Whole-genome association analyses for lifetime reproductive traits in the pigJournal of Animal Science
Publication VersionPublished Version
AbstractProfits for commercial pork producers vary in part because of sow productivity or sow productive life (SPL) and replacement costs. During the last decade, culling rates of sows have increased to more than 50% in the United States. Both SPL and culling rates are influenced by genetic and nongenetic factors.
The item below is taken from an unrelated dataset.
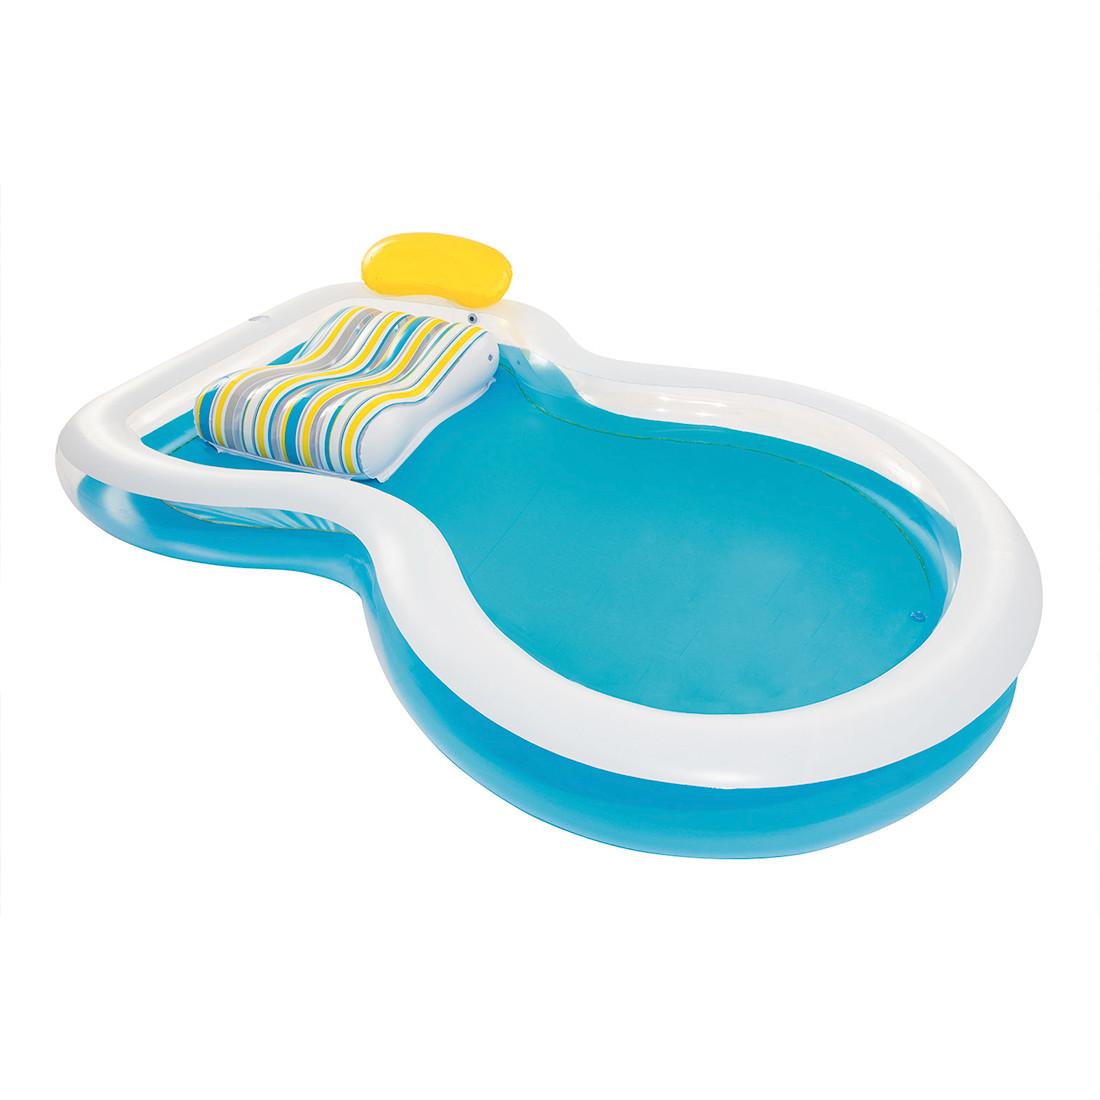 Семейный надувной бассейн Staycation 279 х 234 х 48 см, BESTWAY, 54168

A whole-genome association study was conducted for pig lifetime reproductive traits, including lifetime total number born (LTNB), lifetime number born alive (LNBA), removal parity, and the ratio between lifetime nonproductive days and herd life. The proportion of phenotypic variance explained by markers was 0.15 for LTNB and LNBA, 0.12 for removal parity, and 0.06 for the ratio between lifetime nonproductive days and herd life. Several informative QTL regions (e.g., 14 QTL regions for LTNB) and genes within the regions (e.g., SLC22A18 on SSC2 for LTNB) were associated with lifetime reproductive traits in this study. Genes associated with LTNB and LNBA were similar, reflecting the high genetic correlation (0.99 ± 0.003) between these traits. Functional annotation revealed that many genes at the associated regions are expressed in reproductive tissues. For instance, the SLC22A18 gene on SSC2 associated with LTNB has been shown to be expressed in the placenta of mice. Many of the QTL regions showing associations coincided with previously identified QTL for fat deposition. This reinforces the role of fat regulation for lifetime reproductive traits. Overall, this whole-genome association study provides a list of genomic locations and markers associated with pig lifetime reproductive traits that could be considered for SPL in future studies.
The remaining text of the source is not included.